I do want to say that I am not putting this one one person or saying this to anybody on here. Just my thought on how this are handled these days.


----------



## redtailgal

Those hooves are horribly overgrown and have to be uncomfortable, possibly painful for that animal.

That said, there is no way of knowing the situation behind it.  I've seen horses get really bad because they have reputation and no farrier will work with them.  I know of a horse right now that has to be heavily sedated for a trim, and does not do well with the meds, so the trims are not very often.  In that case, it's actually healthier for the animal to have such sorry looking feet.

If I had been in this situation, I would have taken the same pictures, then pointedly but politely shown them to the person caring for the animal and asked an "innocent question" such as "Poor lil guy, isnt there anything that can be done for his feet?".  Be careful not to let your emotions take control.....take a breath and LISTEN to what the caregiver is saying.  Then, no matter what the response was, I would smile and walk away.  If the response was one of negligence or ignorance, I would be on my cell phone calling animal protection before I drew another breath.

I would strive to be as dignified as possible in dealing with anyone.  I've seen folks try to help a critter in need by ranting, raving, screaming, being underhanded etc etc.  They just dont get as much done.
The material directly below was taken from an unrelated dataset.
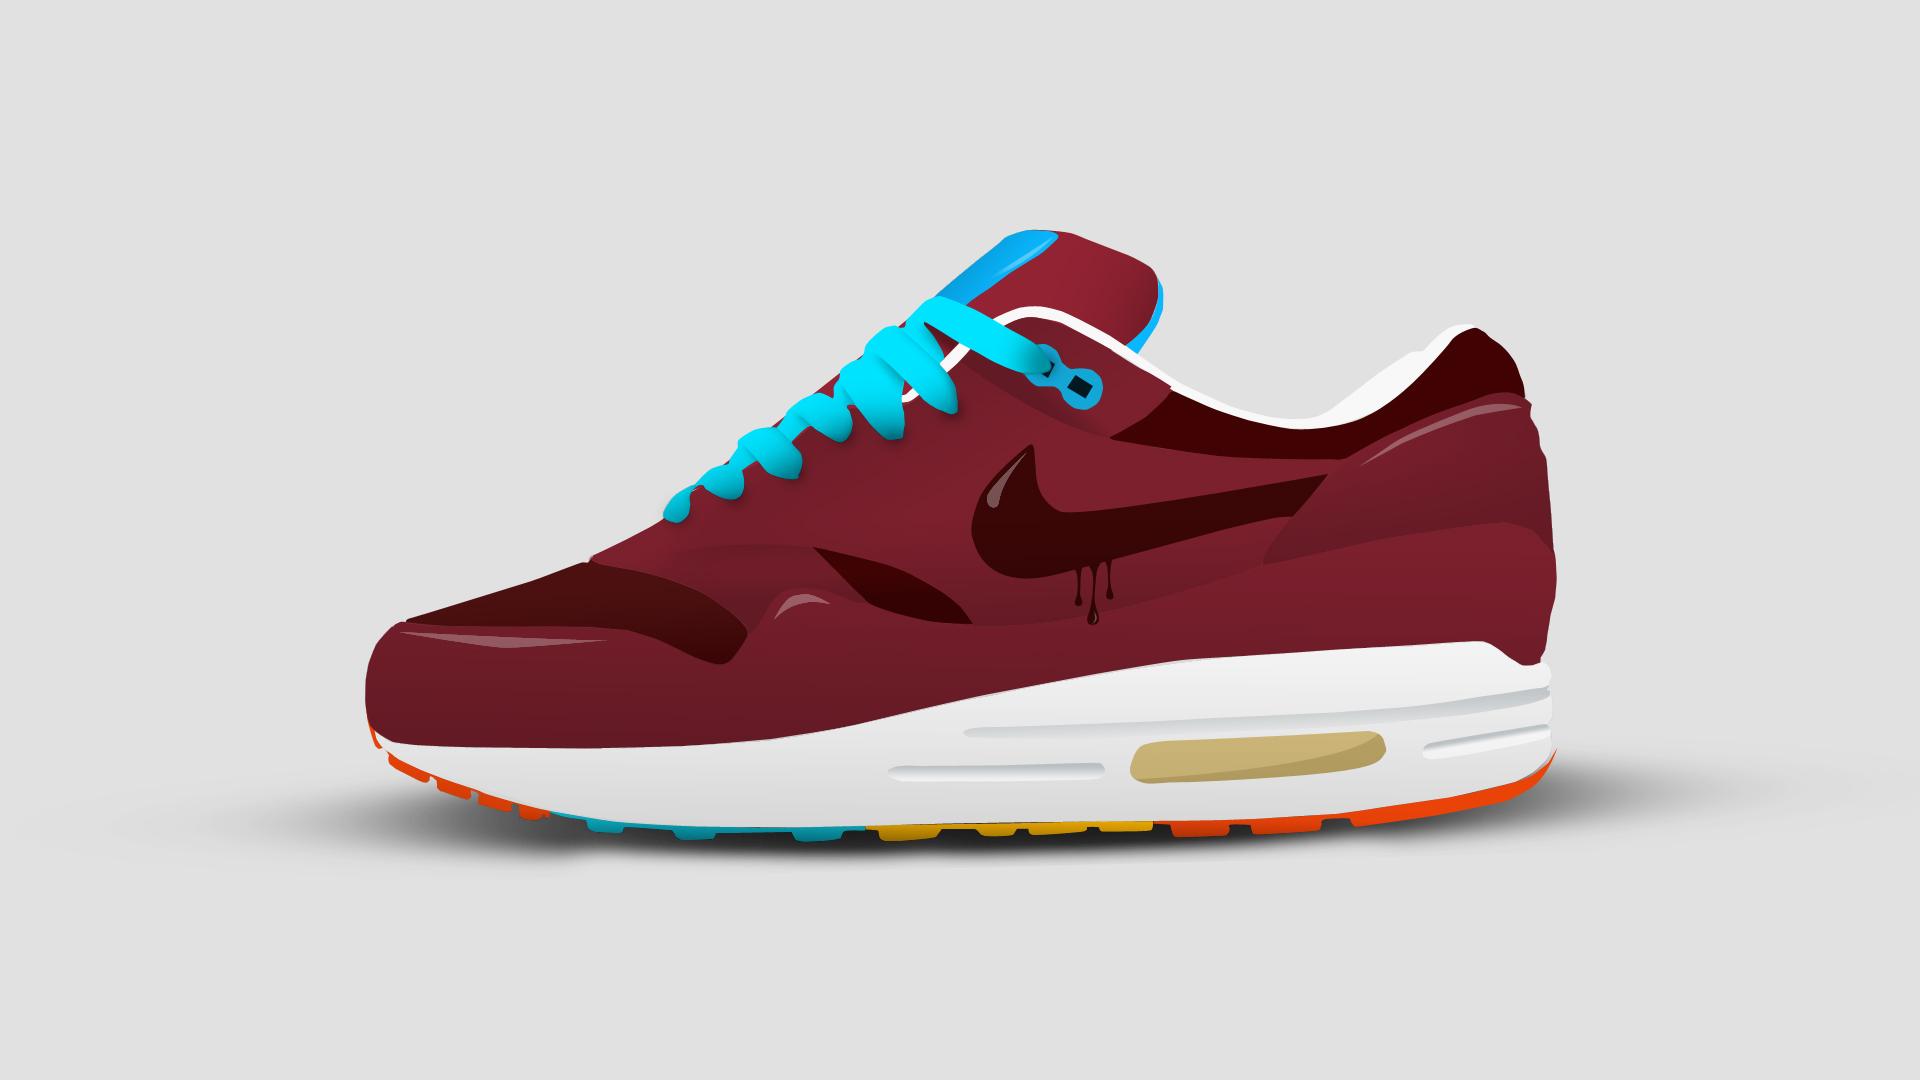 promo code 23975 b4b0f Nike Air Max 1 Cartoon by IModernArts  Vector ...
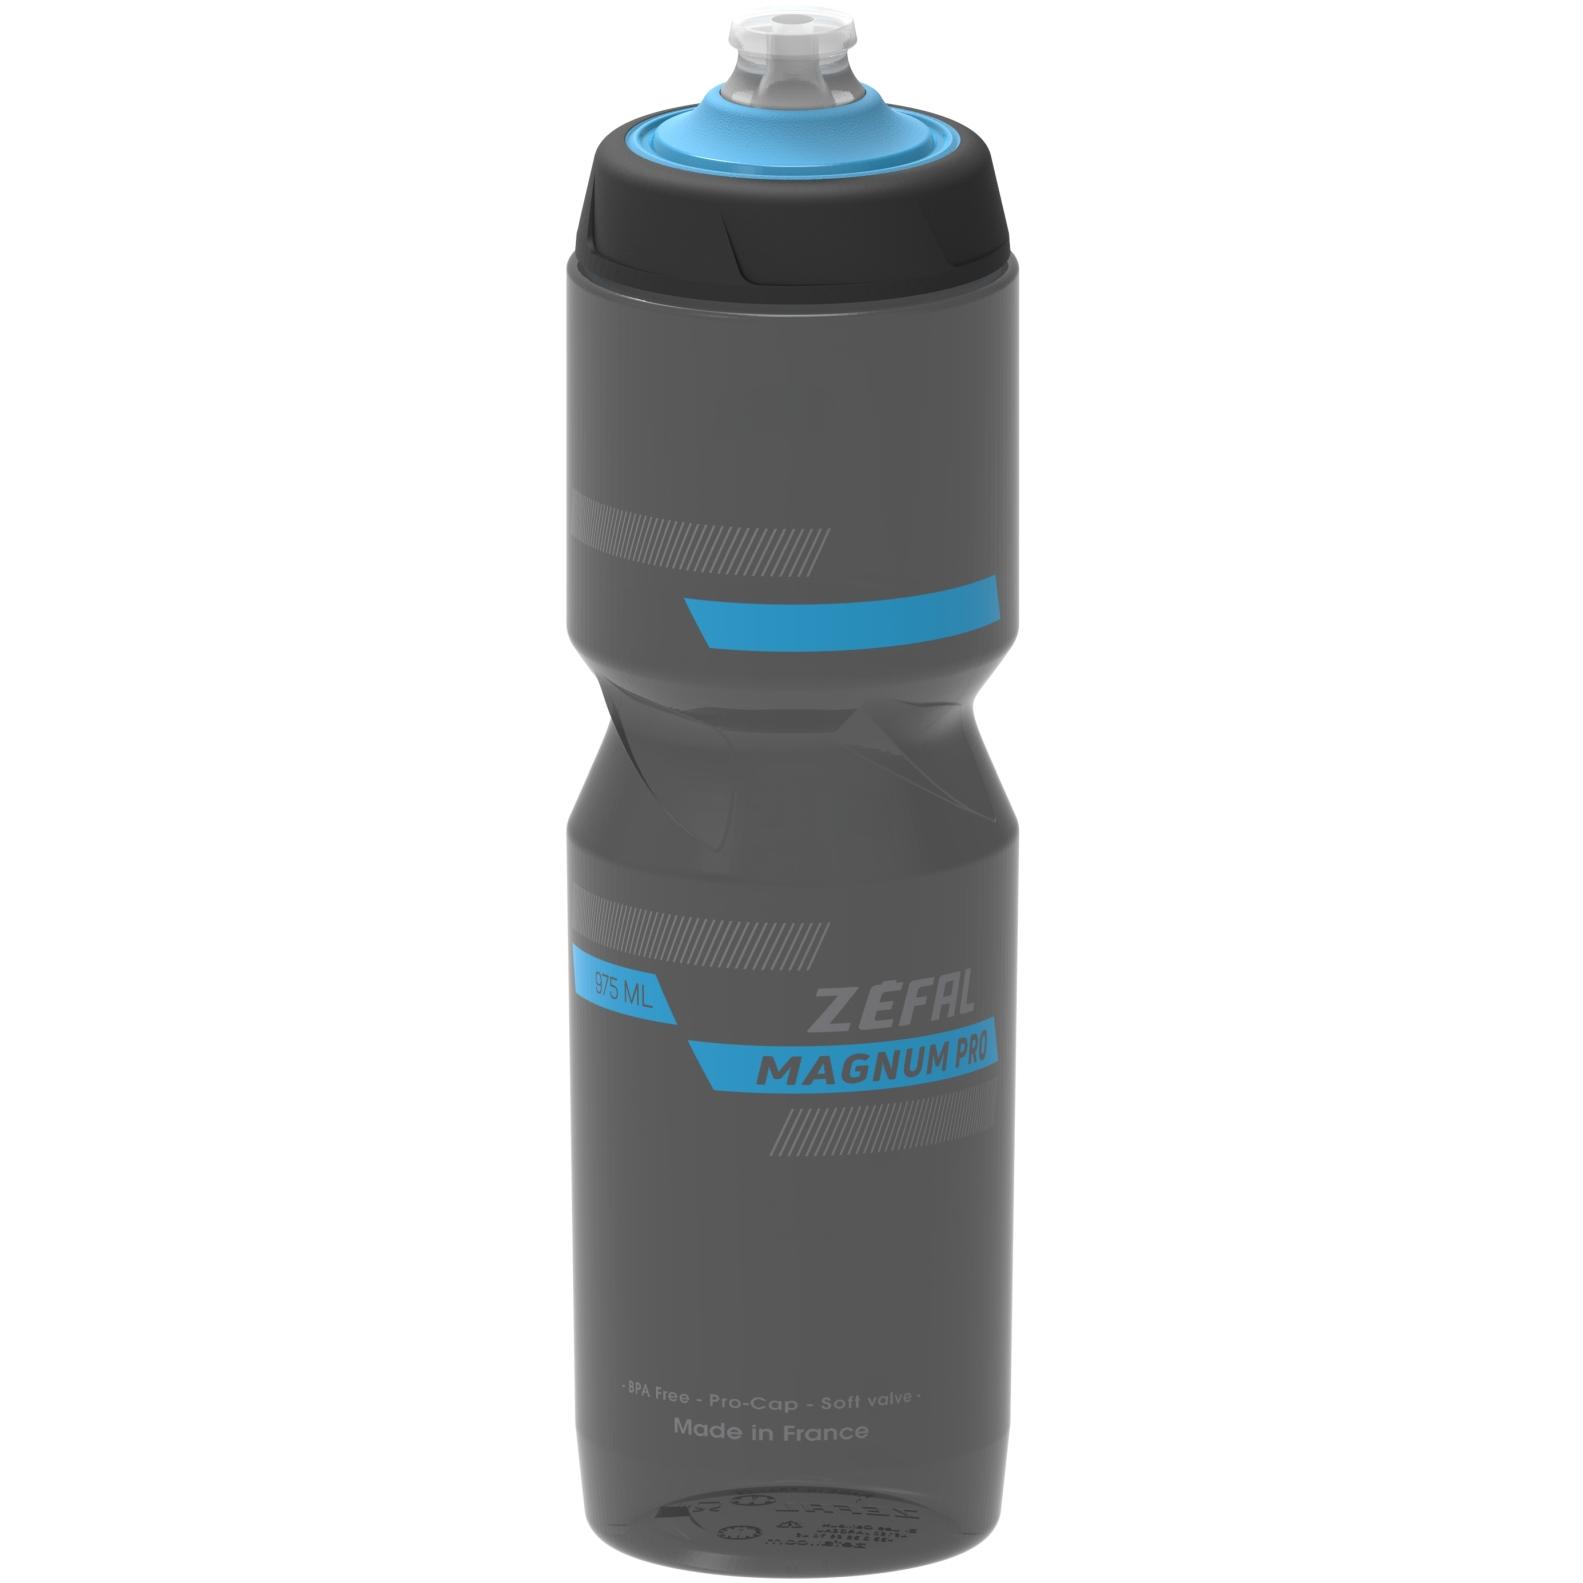 Zéfal Magnum Pro Trinkflasche 975ml - black blue/grey

I'd present my case to everyone I needed to, but I'd do it calmly, with education and a smile.

I am a HUGE advocate for standing up for someone/some critter in need, and a HUGE advocate for doing the right thing.  But, you will definately get more done if the judgement call you make is a thoroughly educated one.  Give them a chance, and listen to what they are saying, even if you dont like what they are saying.


----------



## Stacykins

Yea, because I didn't know the situation, I didn't want to make a fuss while there, I just took the pictures (I also took a full body shot of the animal in question). I knew people here, who know more about equids that I do, would know the best way to calmly approach the subject. You guys are right that ranting or being nasty about it does more harm than good. And you could be very right that the animal cannot be seen by a farrier. I hope to learn more about the situation, so I will be asking once I can think of how to best do it. 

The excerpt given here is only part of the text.